100%|██████████| 10573/10573 [00:00<00:00, 59586.84it/s]
Computing role frequencies...
100%|██████████| 10573/10573 [00:00<00:00, 1281909.47it/s]
Mining named entities...
100%|██████████| 10573/10573 [00:31<00:00, 331.83it/s]
Mapping named entities...
100%|██████████| 10573/10573 [00:00<00:00, 1617182.42it/s]Loading embeddings model...
[==================================================] 100.0% 128.1/128.1MB downloaded

Traceback (most recent call last):
File "labour_contracts/run_relatio.py", line 83, in
narrative_model = build_narrative_model(
File "/cluster/work/lawecon/Projects/Siddhant_Ray/Scratch-LawEcon/venv/lib64/python3.8/site-packages/relatio/wrappers.py", line 340, in build_narrative_model
vecs = get_vectors(postproc_roles, model, used_roles=roles)
File "/cluster/work/lawecon/Projects/Siddhant_Ray/Scratch-LawEcon/venv/lib64/python3.8/site-packages/relatio/clustering.py", line 202, in get_vectors
vecs = np.concatenate(vecs)
File "<array_function internals>", line 5, in concatenate
ValueError: need at least one array to concatenate

Any ideas on why this maybe the case that all the returned vectors are probably empty even though the SRL works? Can it have something to do with the quality of the SRL?

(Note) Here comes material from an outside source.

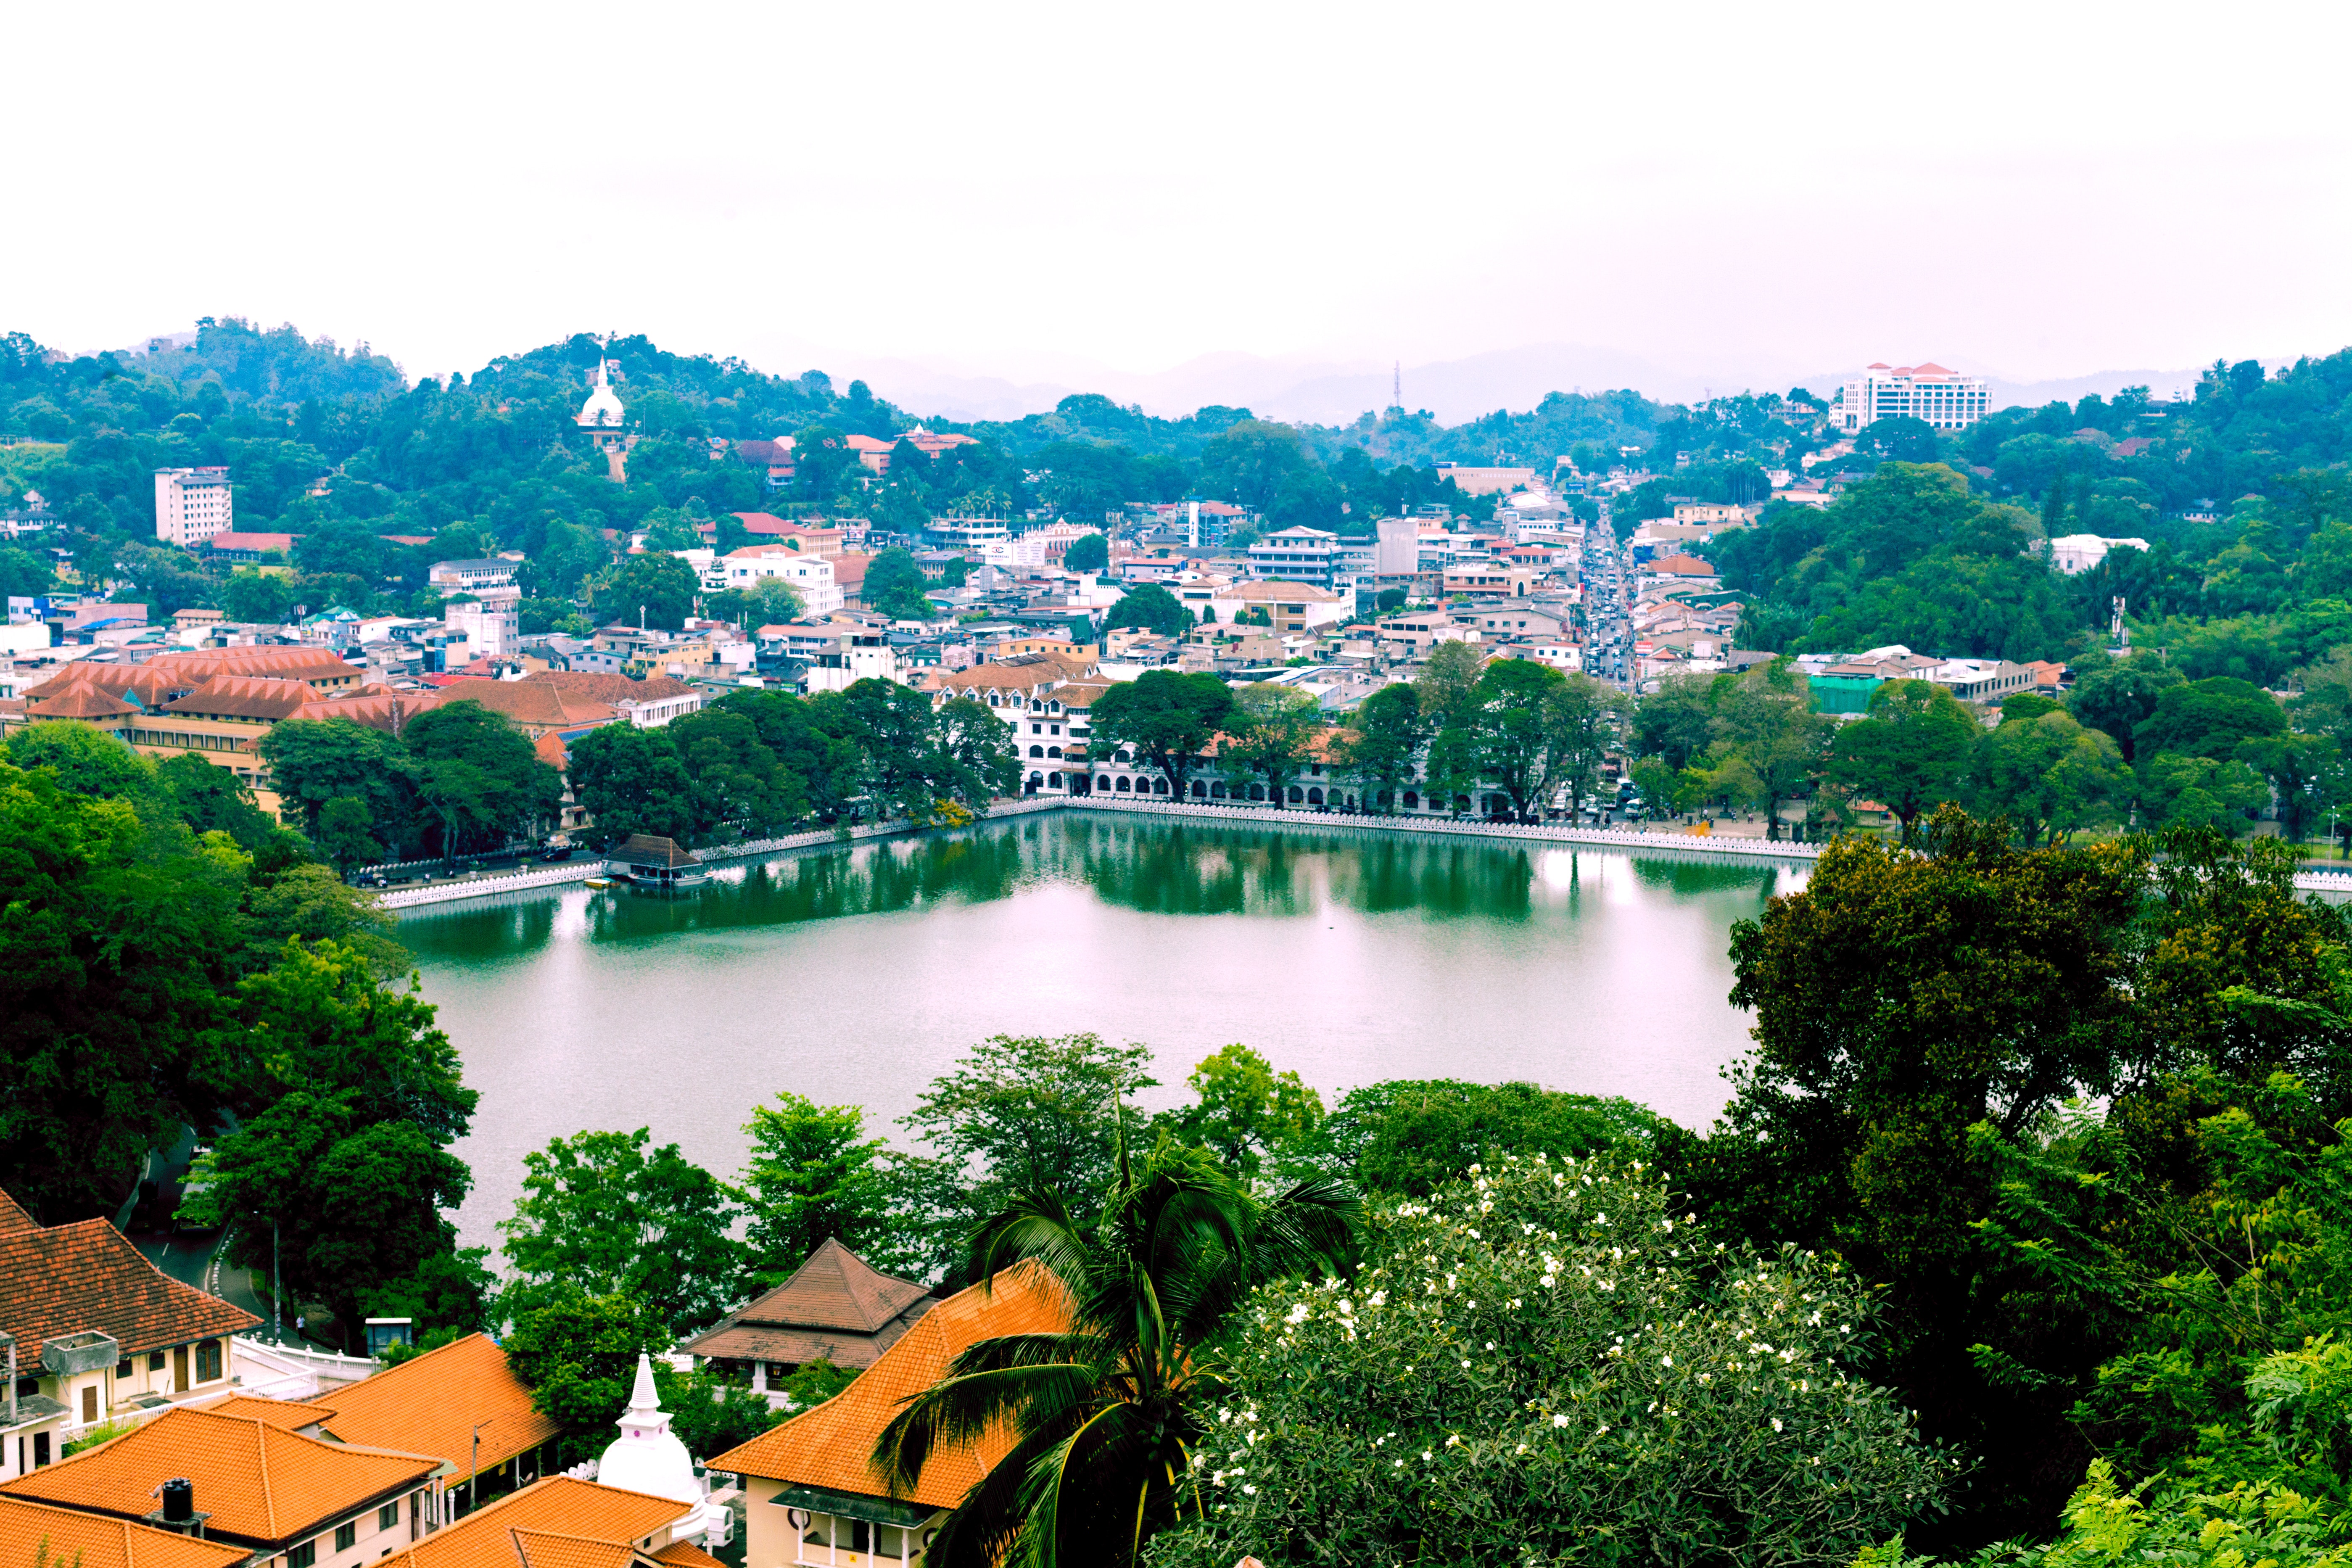 Ariel view of a Sri Lanka City
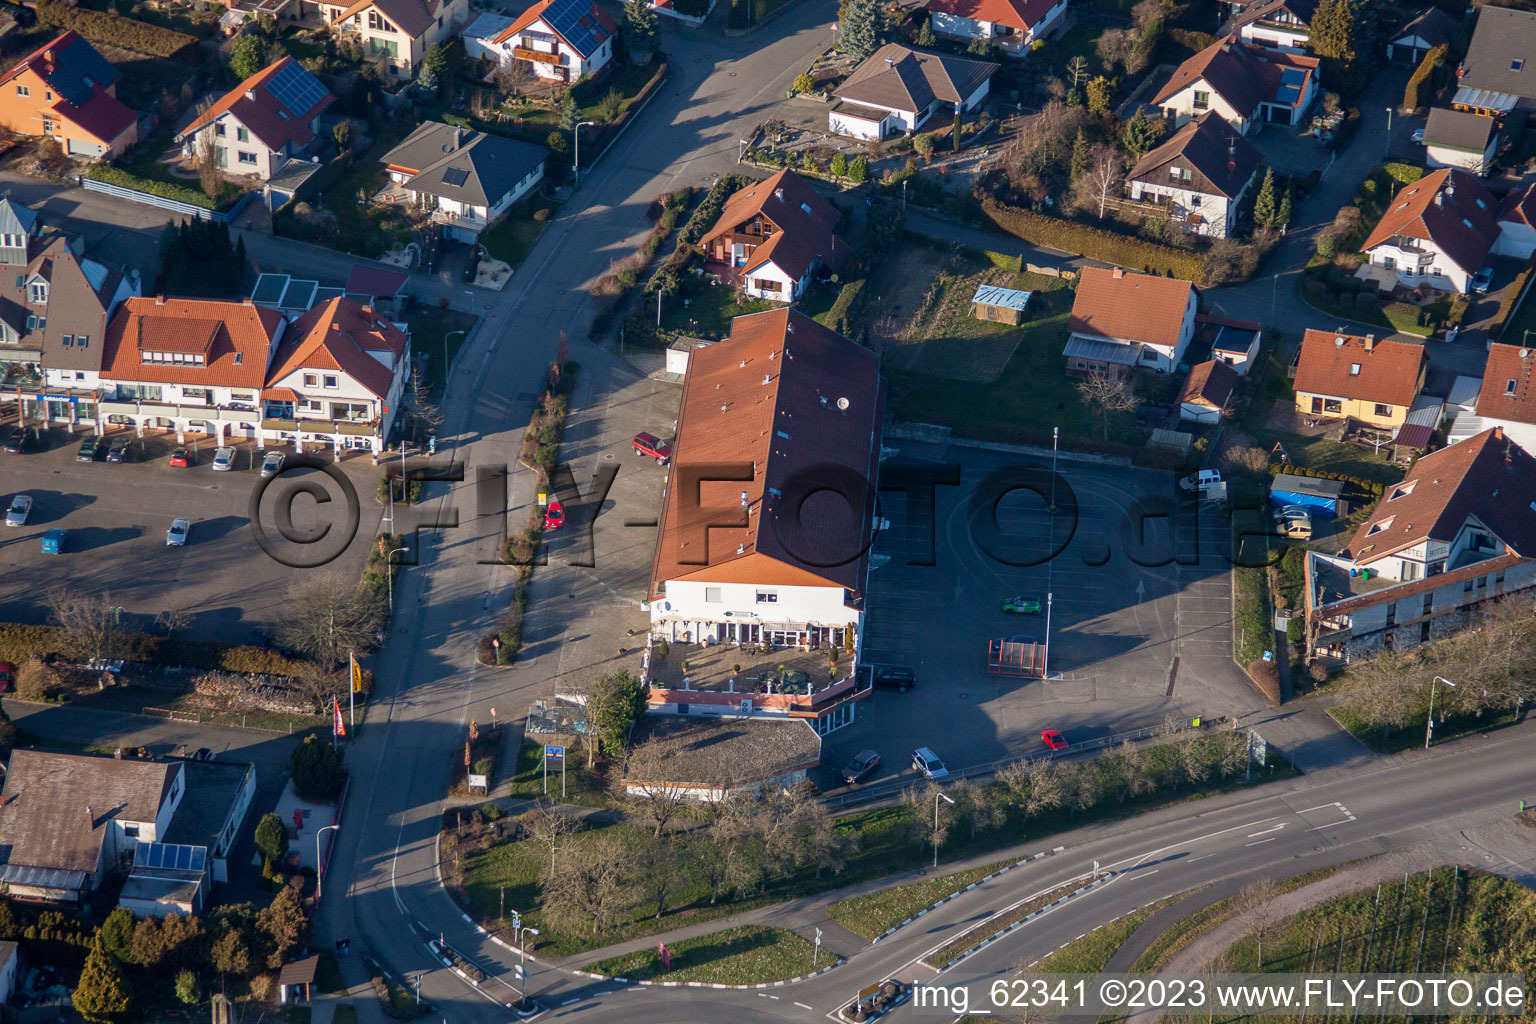 District Rechtenbach in Schweigen-Rechtenbach in the state Rhineland-Palatinate, Germany out of the air

Answer 1 · 2022-05-16T15:27:14.000Z

It could be that labor contracts use specific language (with words not part of the vocabulary of "glove-wiki-gigaword-100").

Did you try to use Universal Sentence Encoders instead? They will always provide you with an embedding.

You could also use Phrase-Bert or a spaCy model on the dev branch. It works, but it's still in development.

Answer 2 · 2022-05-16T15:28:41.000Z

I see, thanks for the tip. I'll try with USE first.

Answer 3 · 2022-05-16T16:05:10.000Z

Okay the issue was what you mentioned, due to words not being part of the vocabulary but the error was on my side, as accidentally the ids got loaded instead of the sentences, which I had saved after srl. Closing this issue now.